A capacity-heavy converted explorer that fits ~150 berths behind a real shield, but earns no liner comfort bonus and costs the most in the game — a poor-value tourer held to a mid-field 60.
The 60/100 headline is a verdict against the passenger role's priority-ordered factors. Each factor carries a weight (its share of 100); this hull earns part of each based on how it performs against the whole field. The points sum to the rating.
| Role factor | Score | Why this score |
|---|---|---|
| Cabin capacity & class fit | 30/35 | Fourteen optionals (7·6·6·5·5·5·5·4·4·3·2·1·1·1) fit ~150 economy berths or a mixed economy/first/luxury board with the size-7 slot holding the shield so every size-6 goes to fares — third-deepest in the role behind the Cutter (~340) and Beluga (~184). |
| Comfort | 8/20 | A Zorgon Peterson explorer, not a Saud Kruger liner, so it carries no passenger-comfort bonus — every seat pays standard fares like the Anaconda and Python, and the dedicated liners out-earn it per cabin.
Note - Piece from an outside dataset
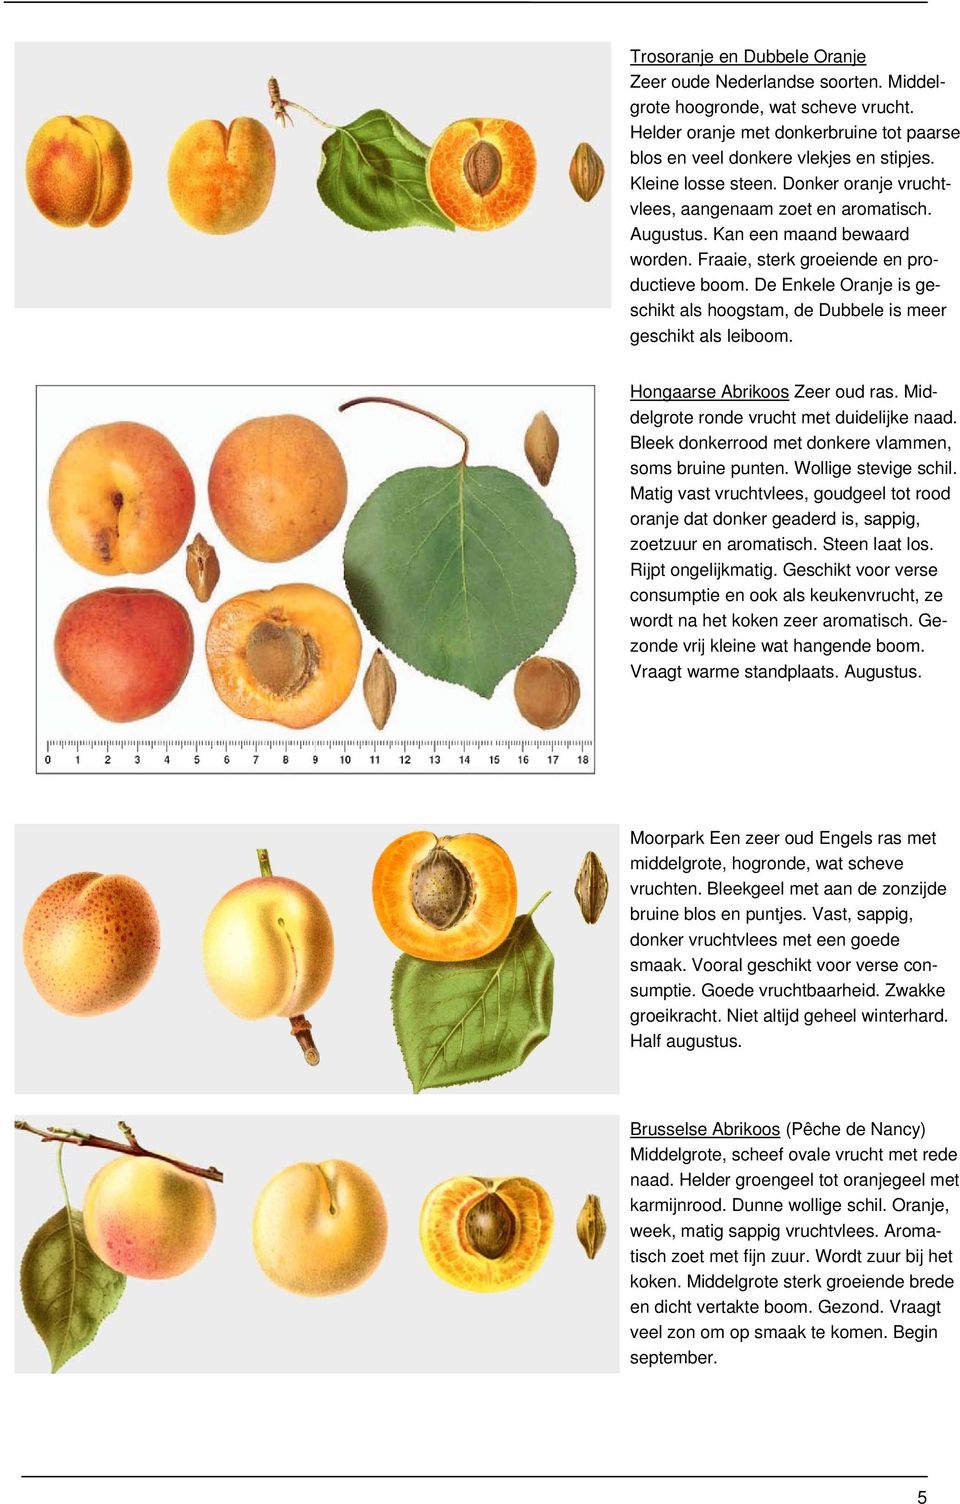 De Enkele Oranje is geschikt als hoogstam, de Dubbele is meer geschikt als leiboom. Hongaarse Abrikoos Zeer oud ras. Middelgrote ronde vrucht met duidelijke naad.

The defining weakness. |
| Jump range & tank | 12/20 | The class-8 SCO FSD gives strong empty range, but a 950t hull laden with cabins jumps only ~48 LY (G5 Increased Range + Mass Manager) on a fixed class-7 tank — adequate for near-bubble tourist loops, well short of a stripped explorer's ~78 LY. |
| Shield & safety | 8/15 | The size-7 slot takes a fast-charging bi-weave reaching ~1,000 MJ with three-plus Heavy-Duty boosters and point defence across six utility mounts — solid passenger safety, but zero military slots and a soft explorer hull cap the defensive depth. |
| Pad class & cost | 2/10 | The single most expensive hull in the game (~189M Cr, ~250M+ all-in) and large-pad-only, locked out of the outpost tourist beacons that mediums and smalls service — catastrophic value for a role where a Type-7 stacks the same seats for a tenth the price. |
| Weighted total | 60/100 | Matches the headline suitability rating for this ship in this role. |
Weights are an editorial decomposition of the role's stated priority order — not an in-game formula. Bar length shows how fully each factor is earned; the longest factors carried the score, the shortest are where it gave points away. See how ships are rated.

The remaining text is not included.